Cycad (Dioon edule)

loading
Dioon edule cone
loading
Loading more images and videos...

Cycad fact file

Cycad description

KingdomPlantae
PhylumTracheophyta
ClassCycadopsida
OrderCycadales
FamilyZamiaceae
GenusDioon (1)

Dioon edule is a medium-sized cycad with rather stiff, straight, light to blue-green leaves (2) (3) (5) which, as in all cycads, are large and divided, giving the plant the appearance of a palm or tree-fern (2) (5). Each leaf bears 70 to 150 pairs of narrow leaflets, which measure around 12 centimetres in length and are sometimes slightly hairy (2) (3) (5). The trunk, like that of all cycads, is made up mainly of storage tissue, with very little true wood (5), and in this species may either stand erect or lie on the ground (2). Two varieties of Dioon edule are recognised, with Dioon edule var. angustifolium generally having narrower leaflets and a shorter stem than Dioon edule var. edule (2) (5) (6). However, a number of disjunct populations exist throughout the range, which show great variety in aspects of the stems, leaves and cones, and which may comprise distinct varieties or even distinct species (2) (5) (7).

Also known as
chestnut dioon, Mexican cycad, virgin palm.
Synonyms
Dioon aculeatum, Dioon angustifolium, Dioon edule angustifolium, Dioon edule imbricatum, Dioon imbricatum, Dioon strobilaceum, Dioon strobilosum, Macrozamia littoralis, Macrozamia pectinata, Platyzamia rigida, Zamia maeleni.
Size
Height: up to 3 m (2) (3)
Trunk diameter: 20 - 40 cm (2)
Leaf length: up to 1.4 m (2) (3)
Top

Cycad biology

Although superficially resembling palms and tree-ferns, cycads differ in reproductive behaviour (5). All are dioecious, with separate male and female plants, and all produce seeds with a fleshy outer coat (sarcotesta) surrounding a hard, stony layer (sclerotesta). The fleshy coat is attractive to animals, which act as dispersal agents.
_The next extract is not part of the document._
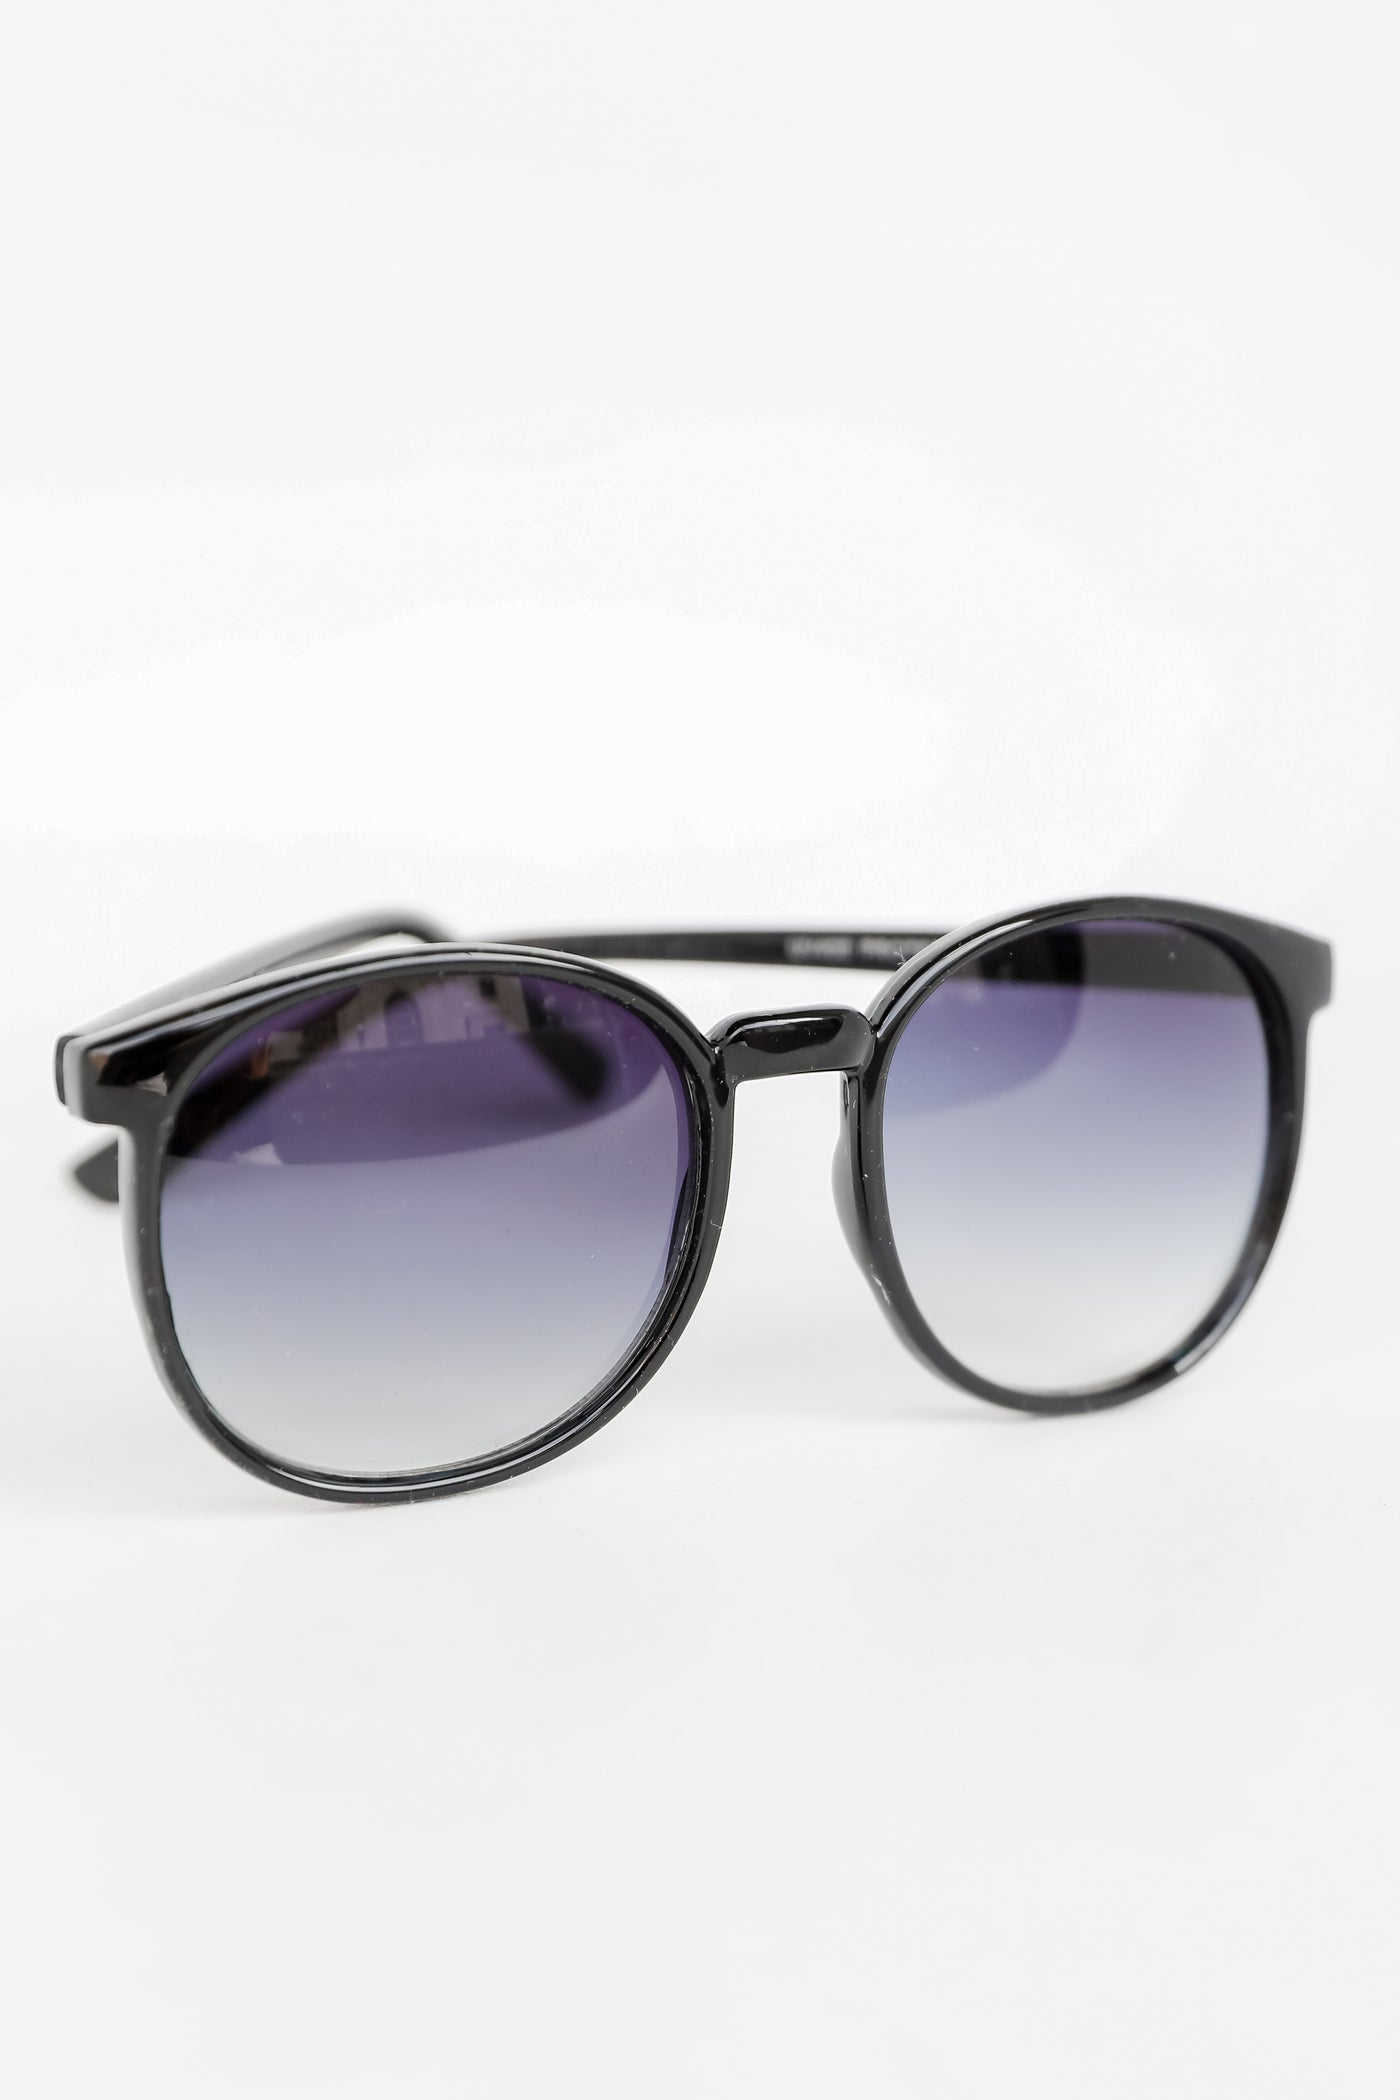 Round Sunglasses in black close up

Like all cycads, Dioon edule does not produce flowers, instead bearing the reproductive organs on cones, which are formed from modified leaves. Although previously believed to be wind-pollinated, cycads are now known to be mostly pollinated by insects such as beetles (2) (5) (8). The female cone of Dioon edule measures up to about 29 centimetres in length, while the male cone is slightly smaller, at up to 20 centimetres (2). The seeds are relatively large, at around 2.5 to 4.5 centimetres in length (5). All cycads are slow-growing and long-lived (5) (8), and, as in other Dioon species, the female Dioon edule only produces a single cone at each reproductive cycle (2).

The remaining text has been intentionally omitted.